→ What to produce
Pictures excluded, copy all of the data below exactly.
+++ Dataset extract
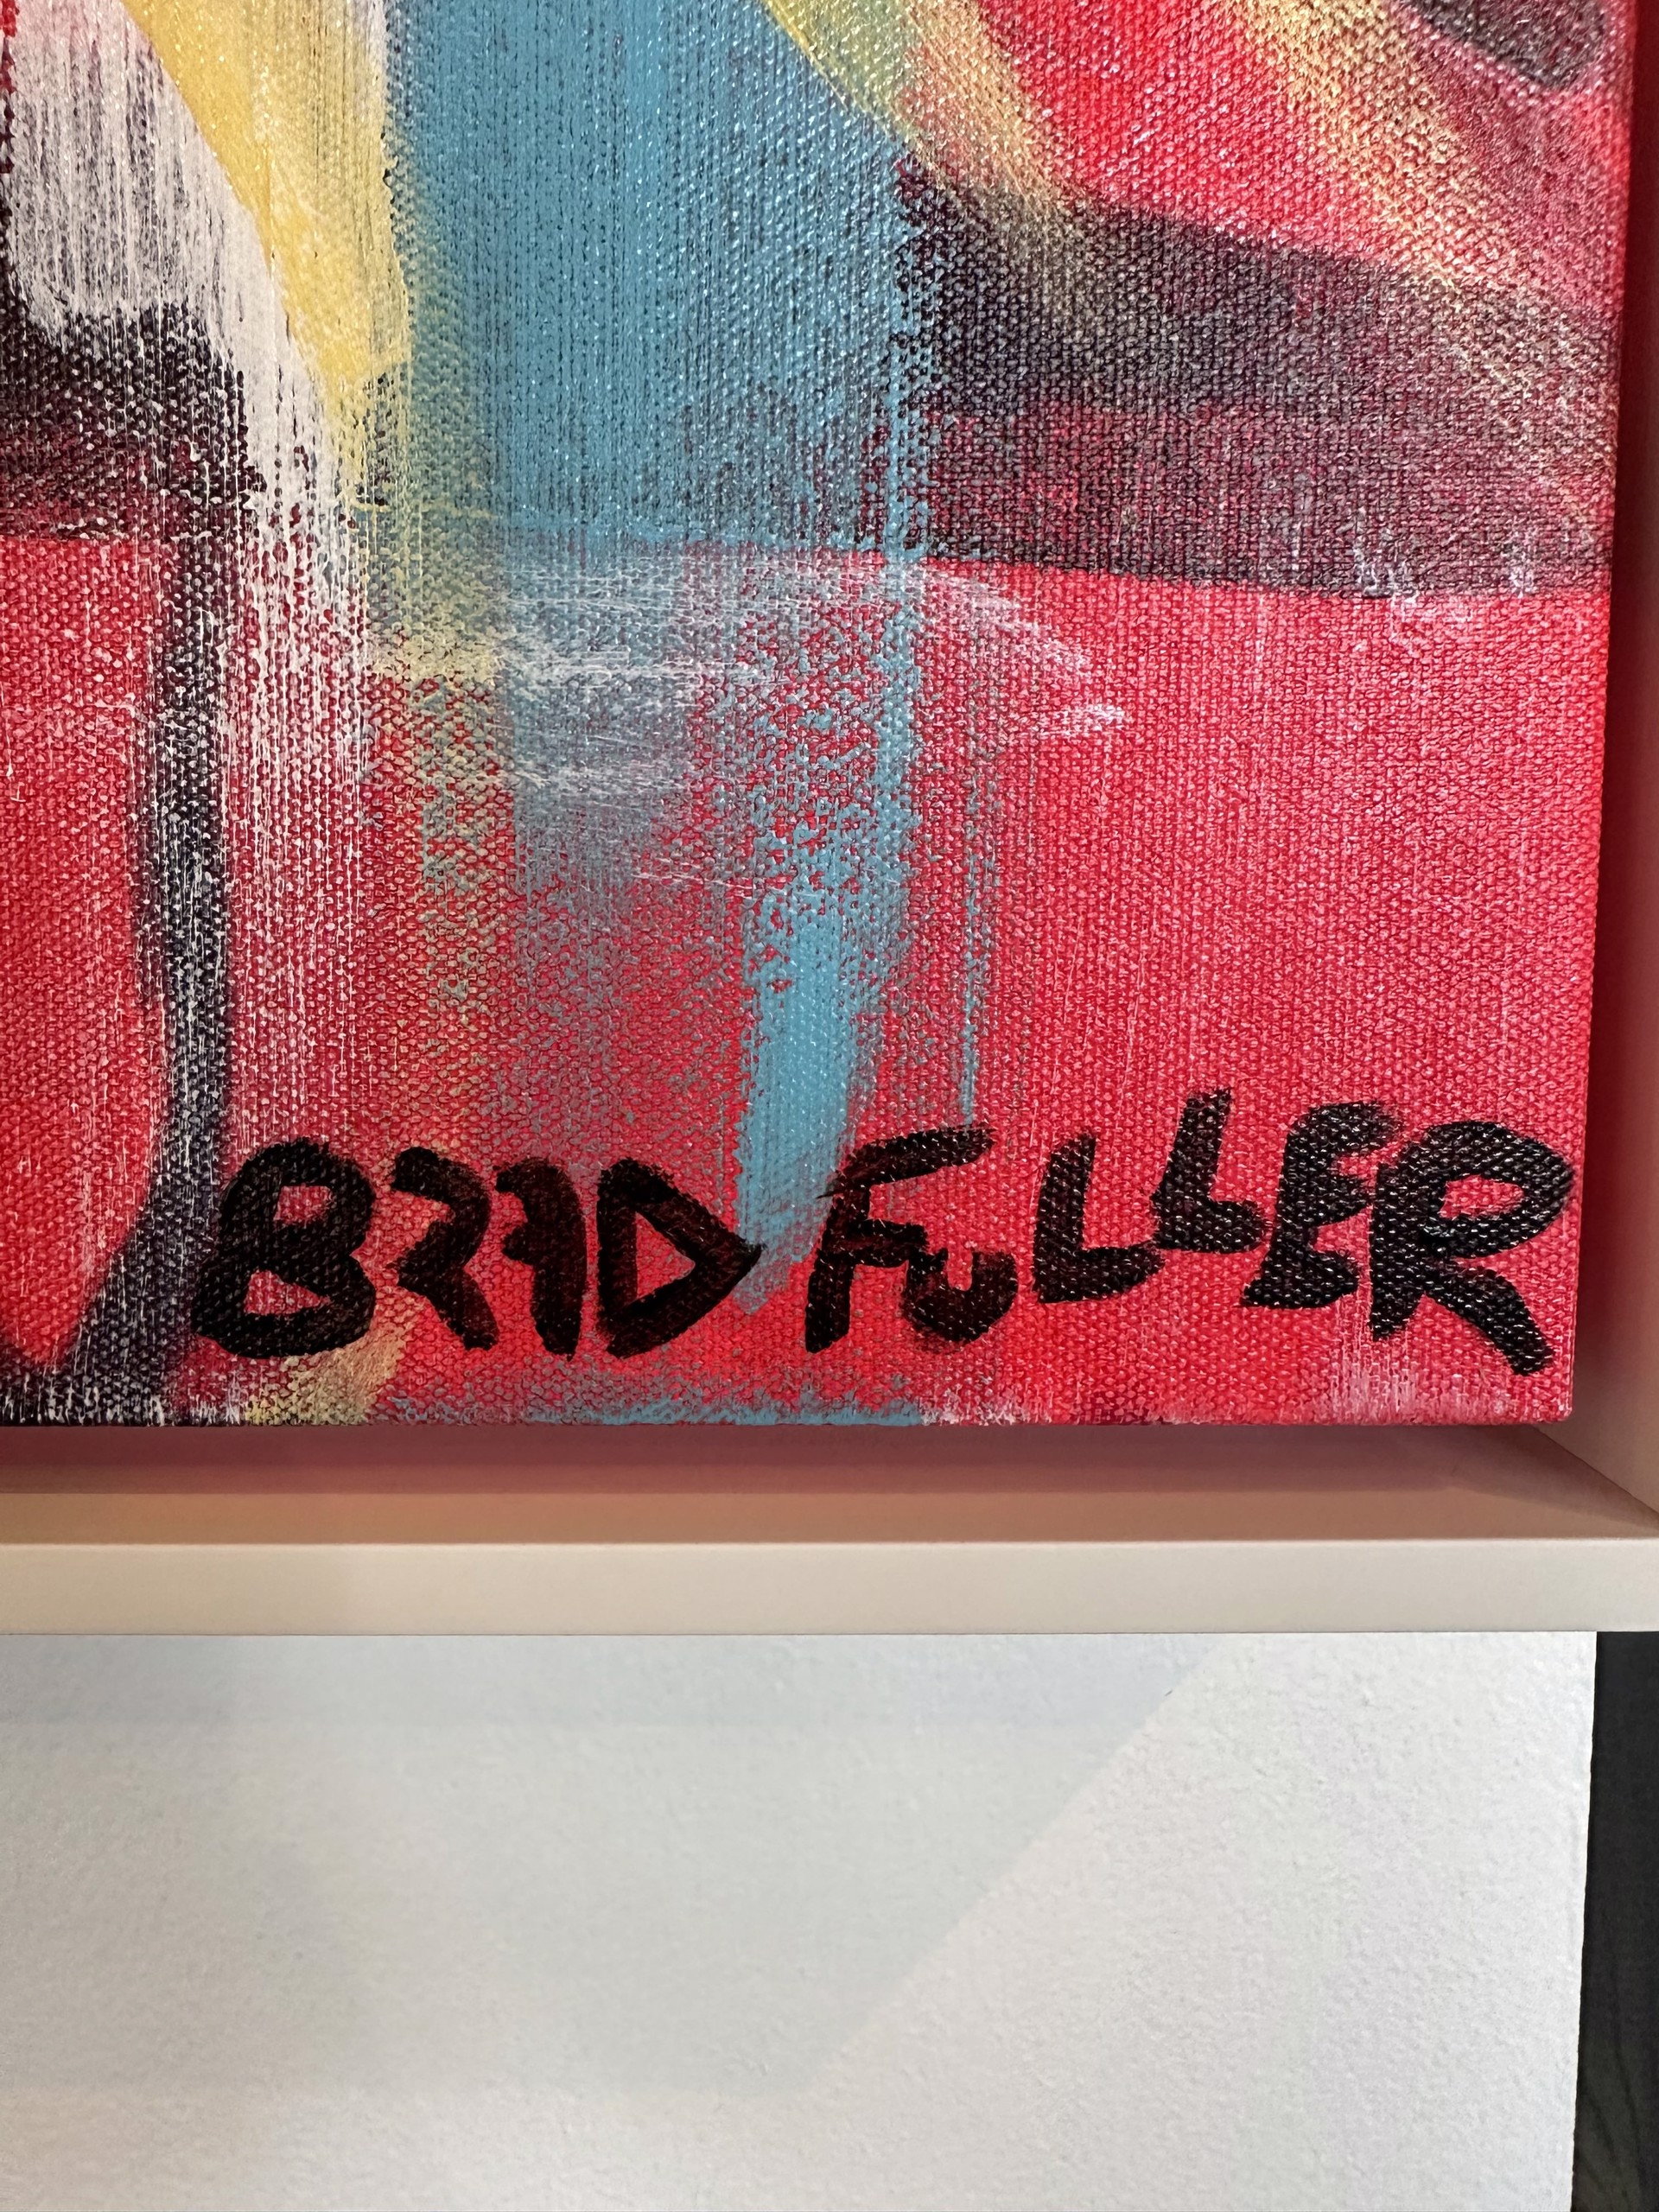 Her Reflection by Brad Fuller
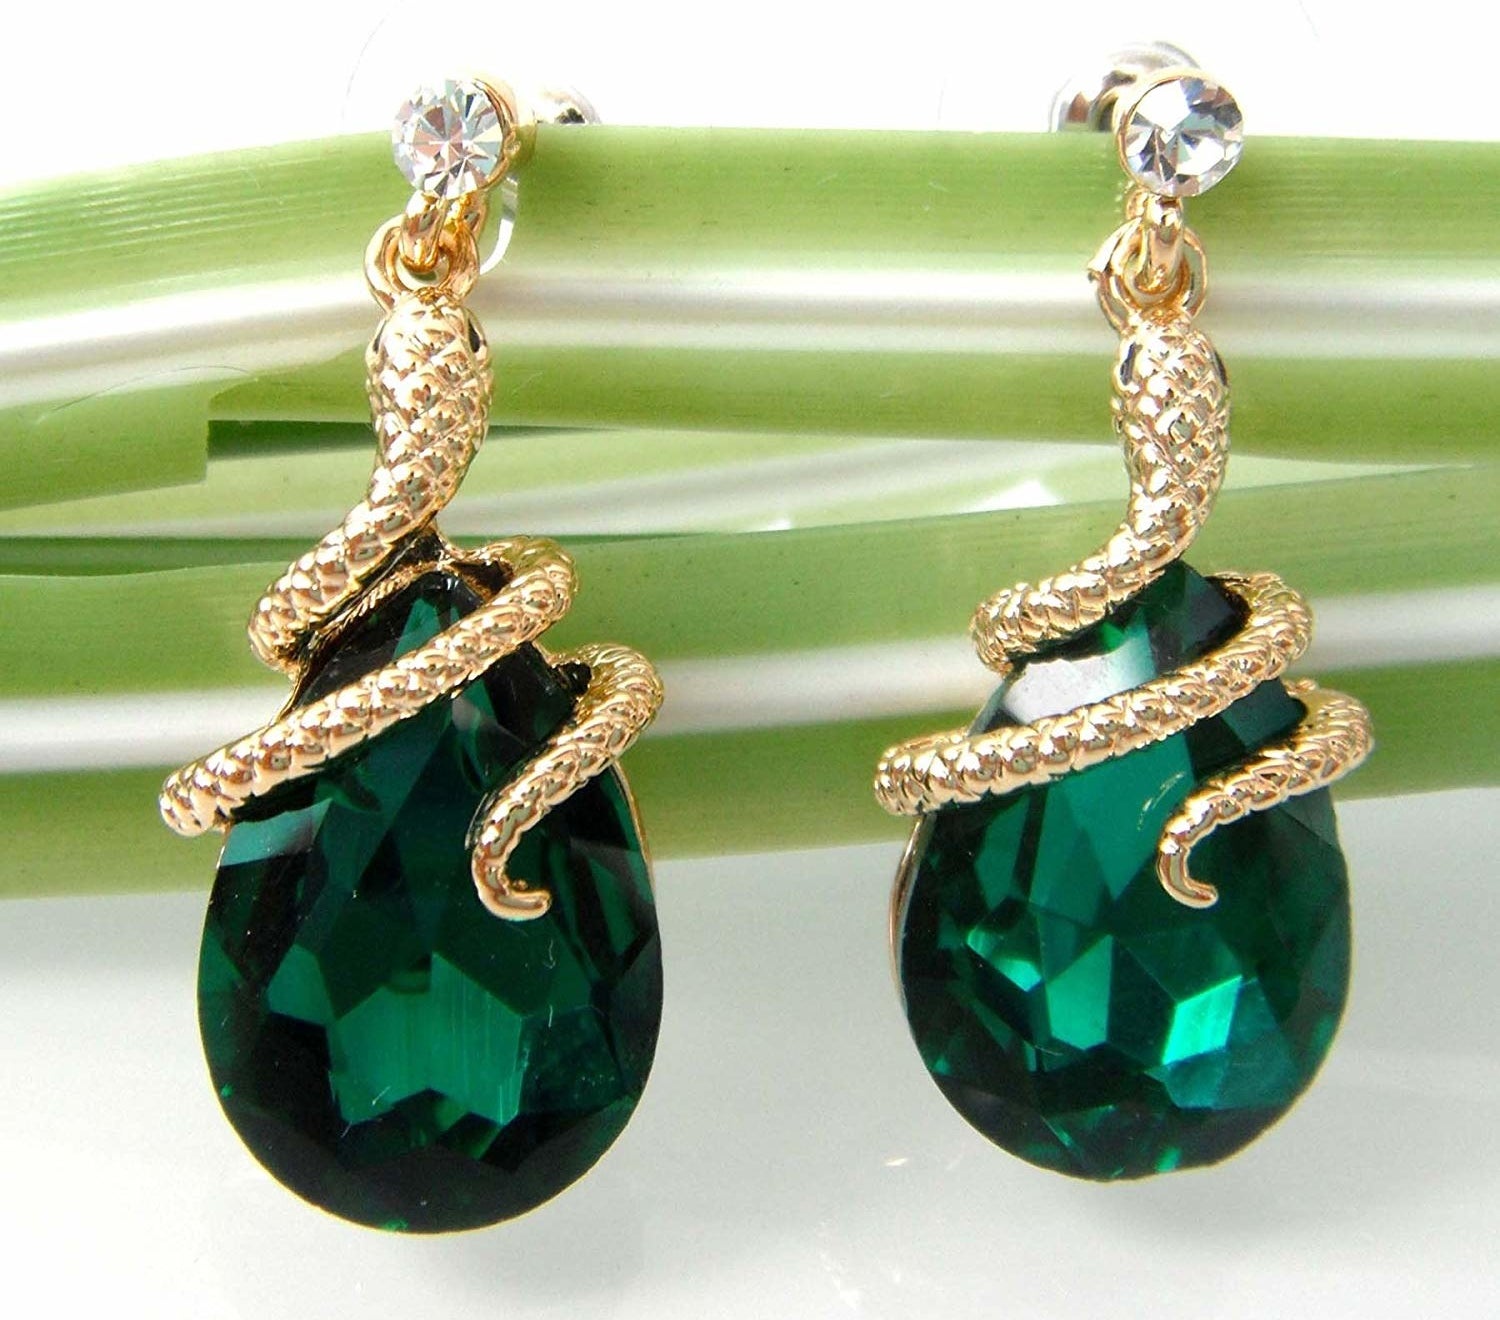 The dangle earrings with teardrop green stones and snakes wrapped around the top
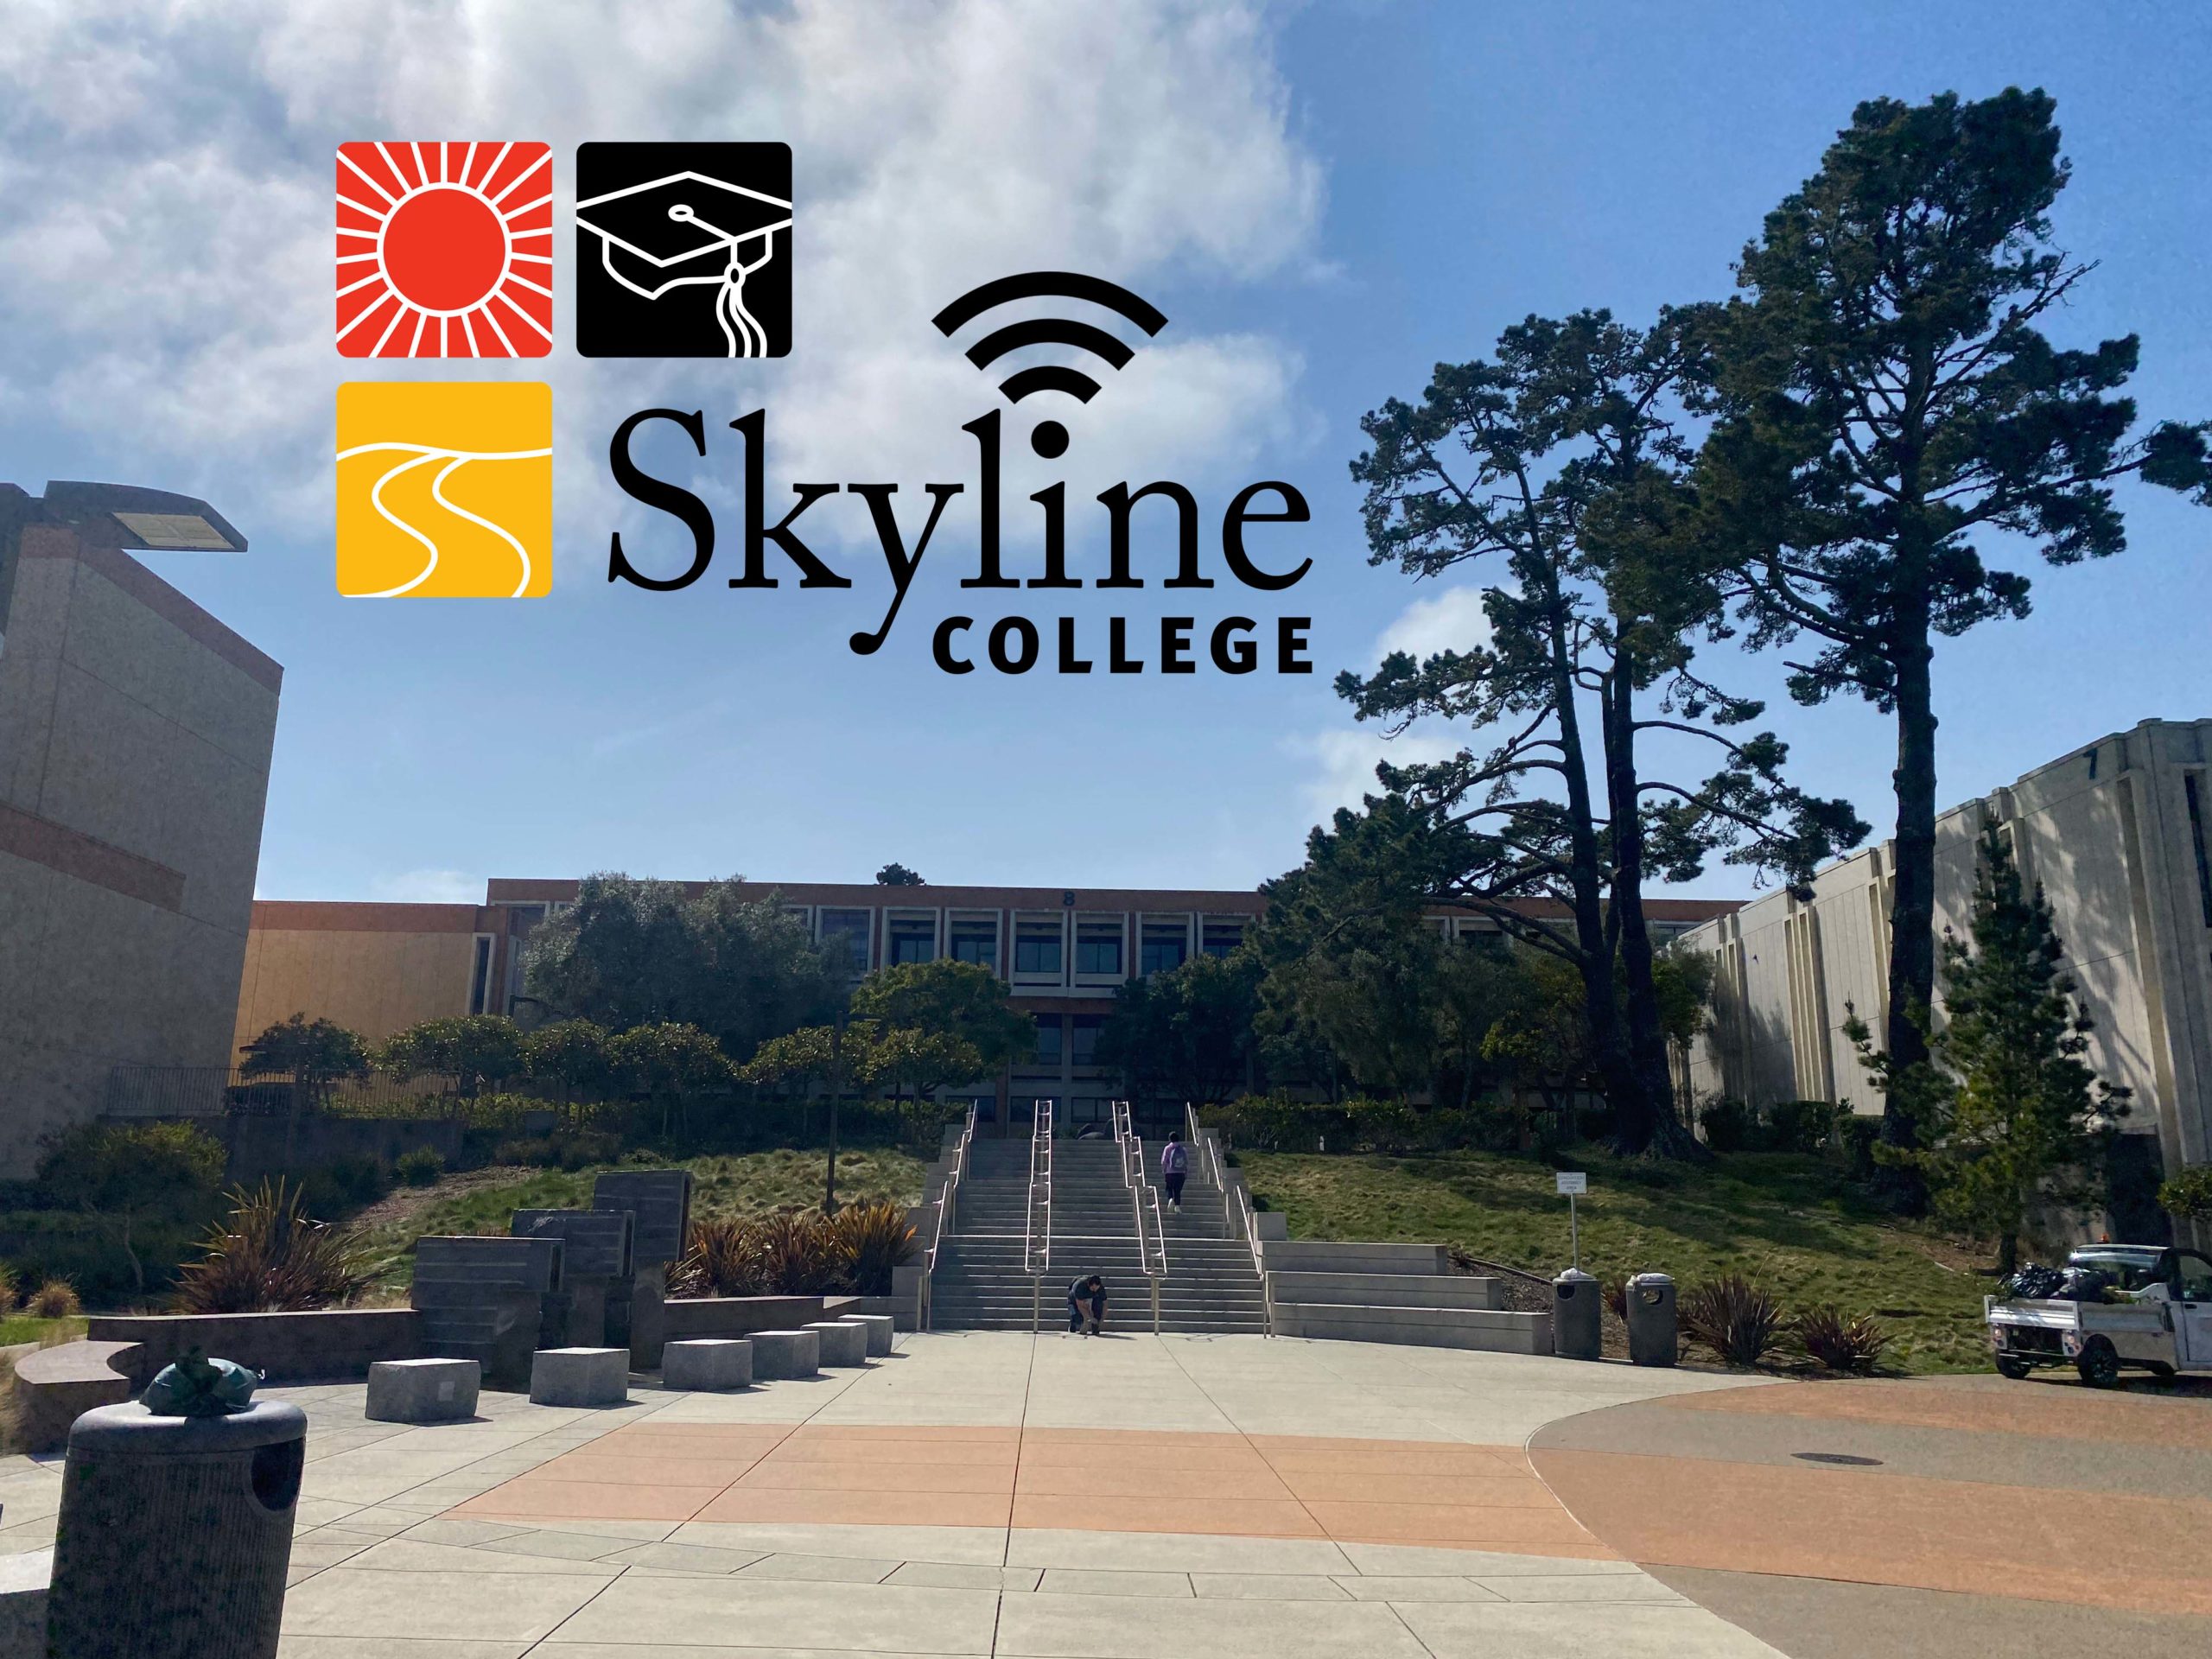 Skyline’s Wi-Fi issues continue to plague the student body, faculty, and its delivery of a quality community college education.
++++++
→ Expected answer
 Her Reflection by Brad Fuller
 The dangle earrings with teardrop green stones and snakes wrapped around the top
 Skyline’s Wi-Fi issues continue to plague the student body, faculty, and its delivery of a quality community college education.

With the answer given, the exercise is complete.